→ **Source records**
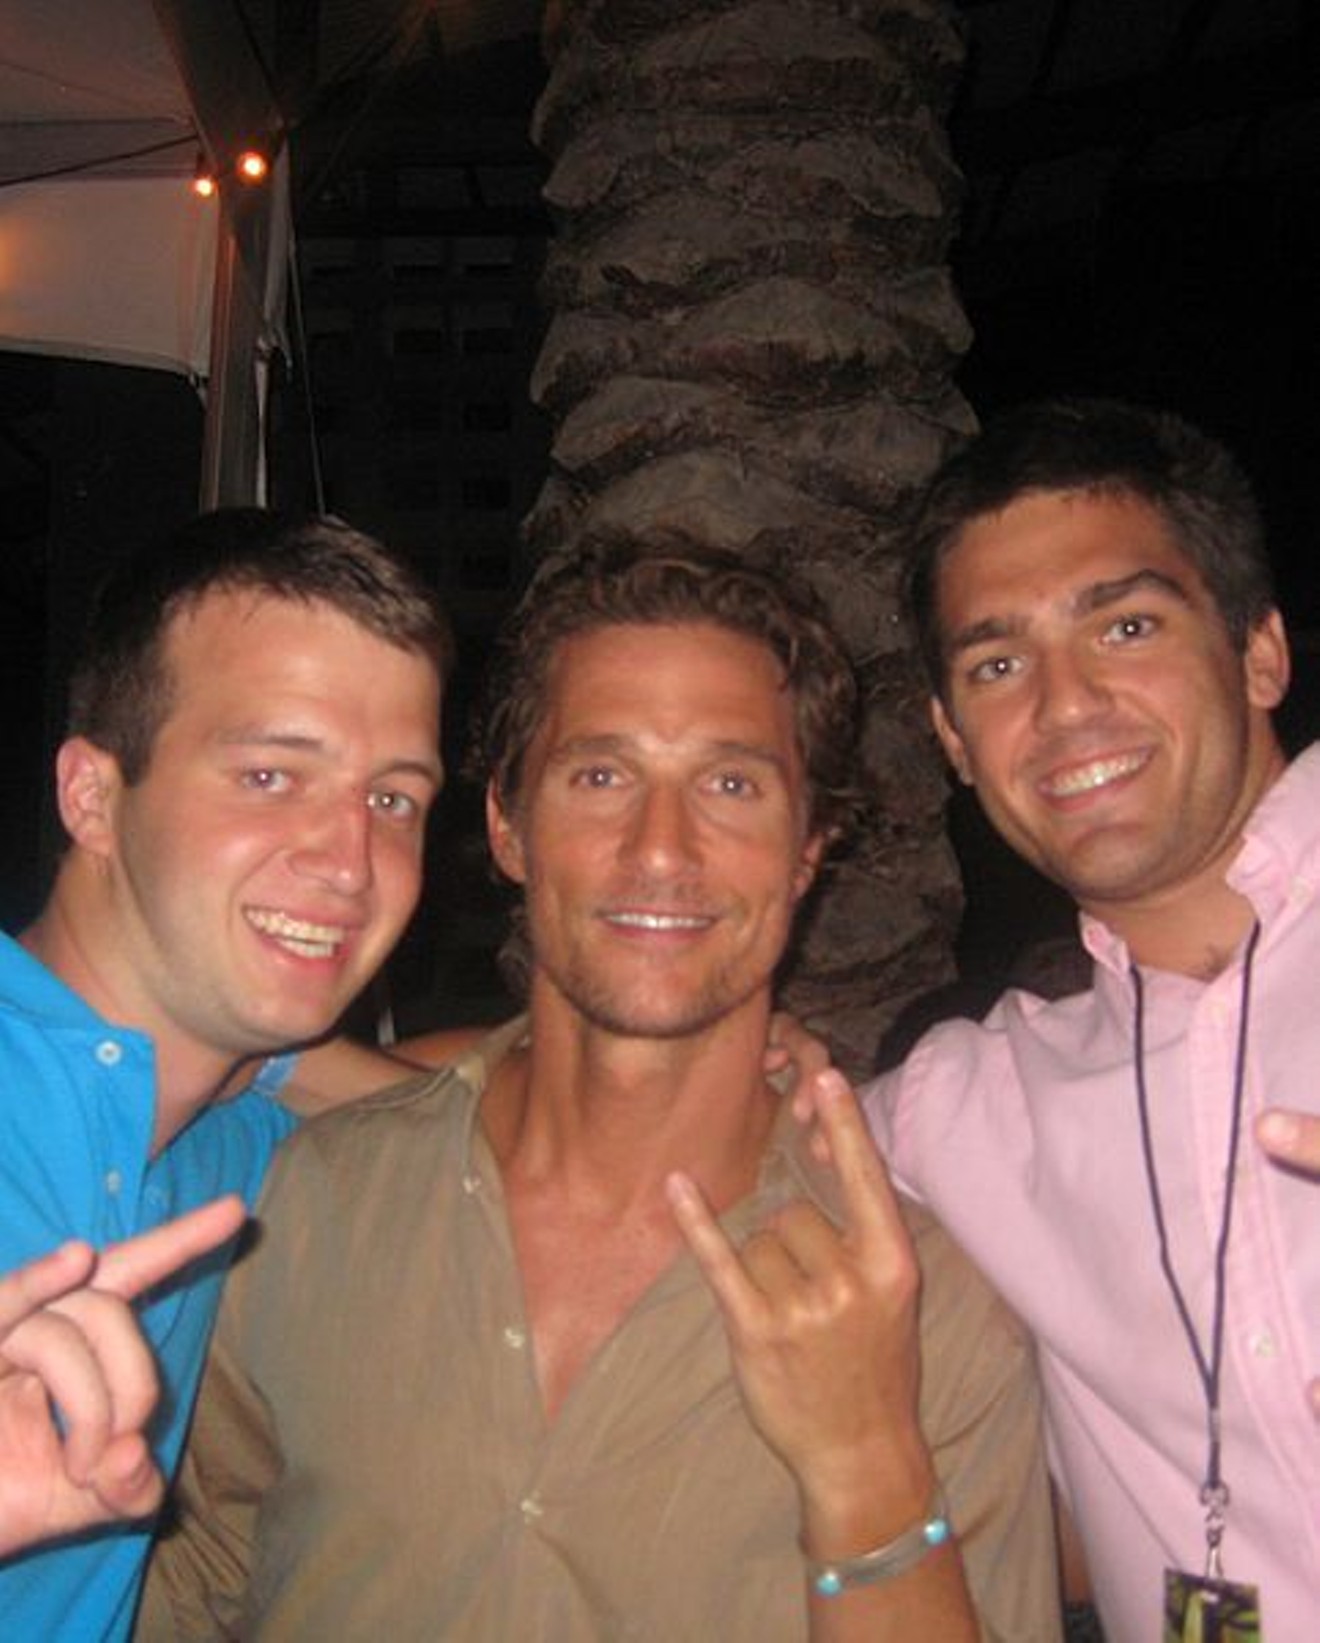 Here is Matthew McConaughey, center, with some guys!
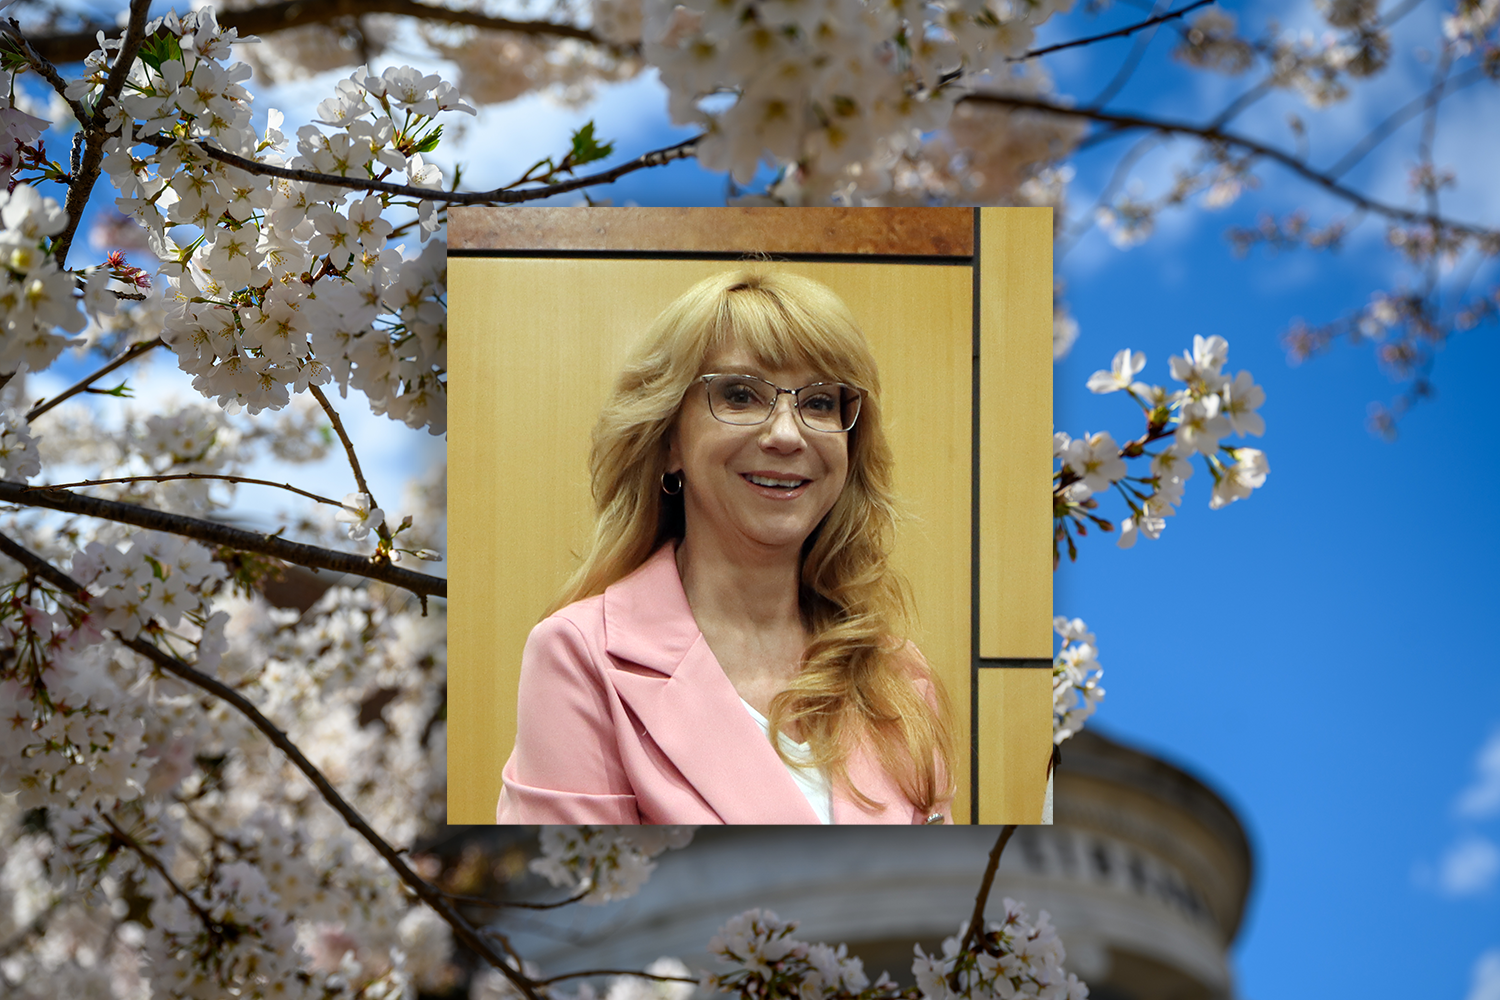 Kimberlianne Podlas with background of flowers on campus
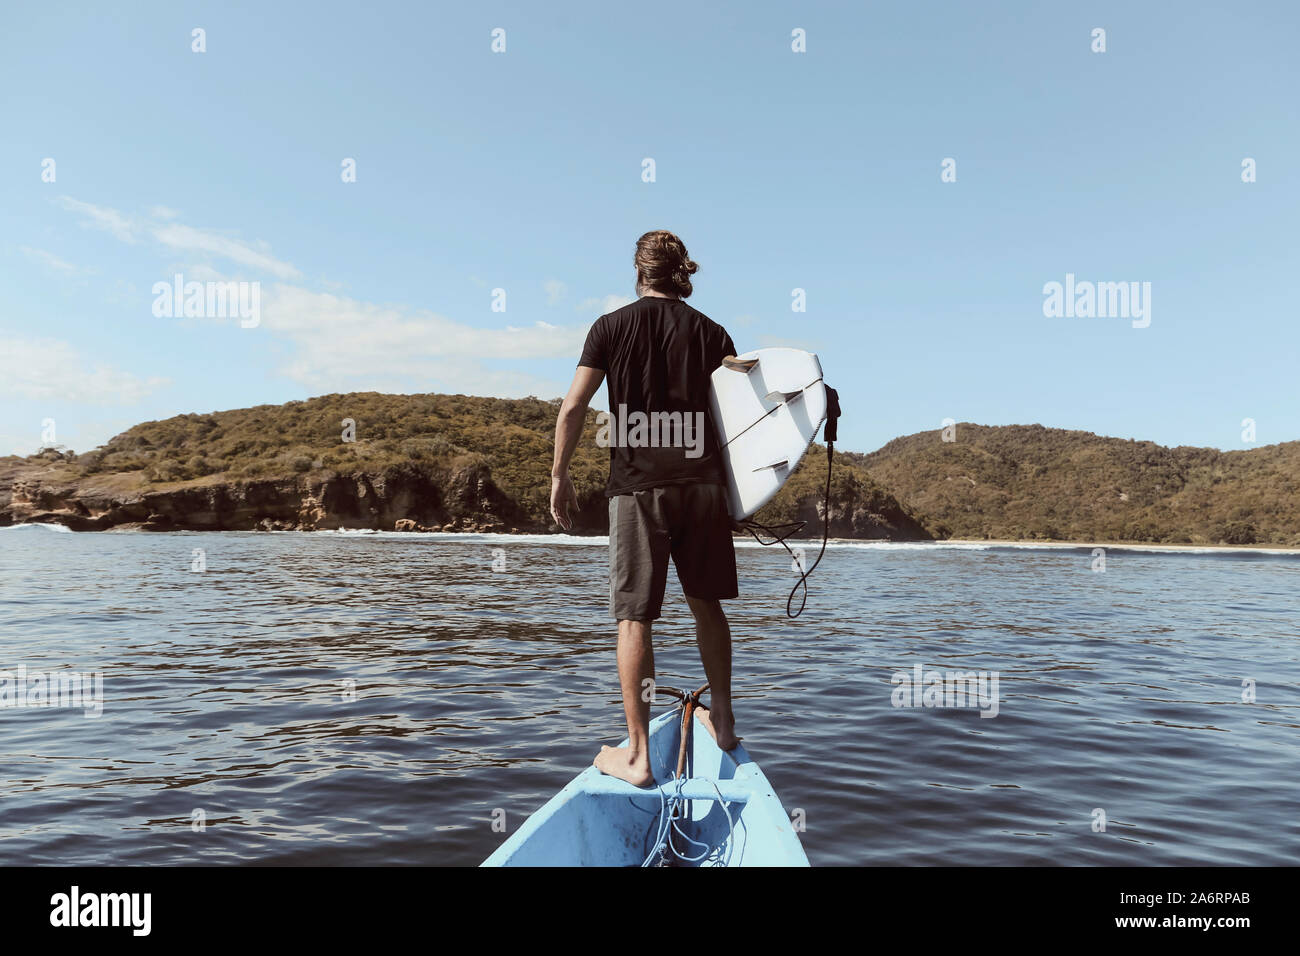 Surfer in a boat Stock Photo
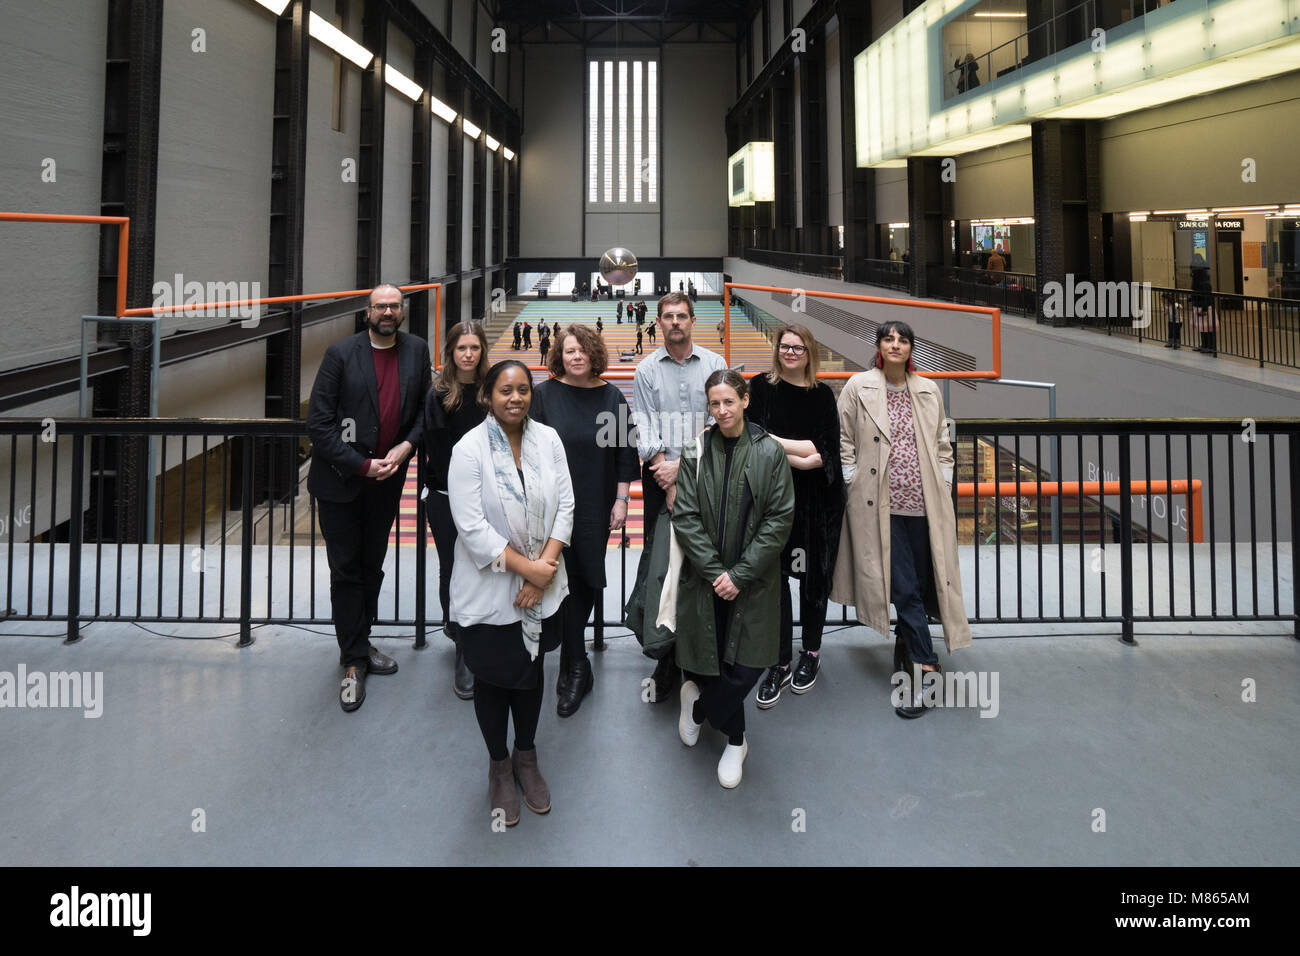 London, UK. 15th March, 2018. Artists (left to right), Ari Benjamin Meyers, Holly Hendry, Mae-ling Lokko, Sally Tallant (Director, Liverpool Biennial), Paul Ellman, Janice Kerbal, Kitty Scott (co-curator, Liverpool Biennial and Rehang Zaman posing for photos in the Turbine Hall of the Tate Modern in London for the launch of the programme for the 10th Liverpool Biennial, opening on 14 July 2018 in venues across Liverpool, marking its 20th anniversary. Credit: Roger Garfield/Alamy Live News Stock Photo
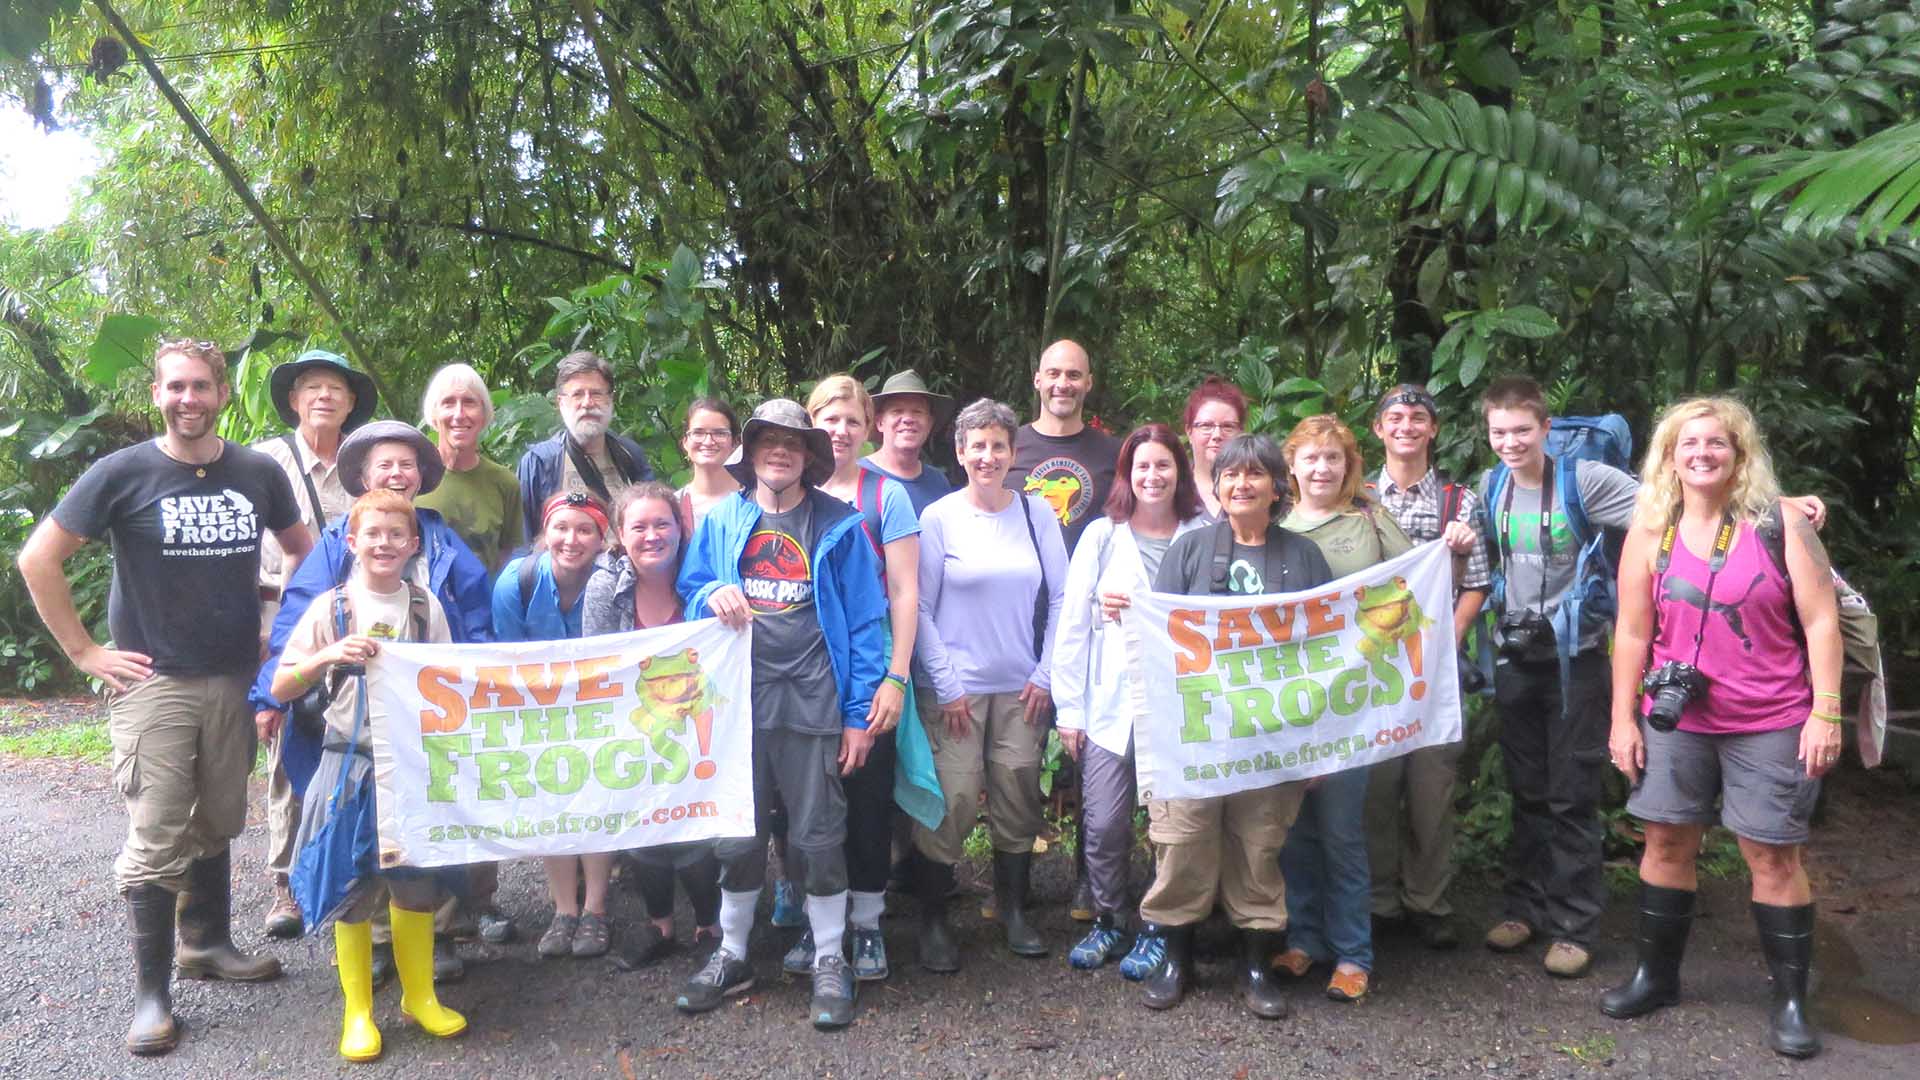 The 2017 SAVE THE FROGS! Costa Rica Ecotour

→ **Task statement**
Leave out the pictures and retype every line above exactly.

→ **Answer section**
 Here is Matthew McConaughey, center, with some guys!
 Kimberlianne Podlas with background of flowers on campus
 Surfer in a boat Stock Photo
 London, UK. 15th March, 2018. Artists (left to right), Ari Benjamin Meyers, Holly Hendry, Mae-ling Lokko, Sally Tallant (Director, Liverpool Biennial), Paul Ellman, Janice Kerbal, Kitty Scott (co-curator, Liverpool Biennial and Rehang Zaman posing for photos in the Turbine Hall of the Tate Modern in London for the launch of the programme for the 10th Liverpool Biennial, opening on 14 July 2018 in venues across Liverpool, marking its 20th anniversary. Credit: Roger Garfield/Alamy Live News Stock Photo
 The 2017 SAVE THE FROGS! Costa Rica Ecotour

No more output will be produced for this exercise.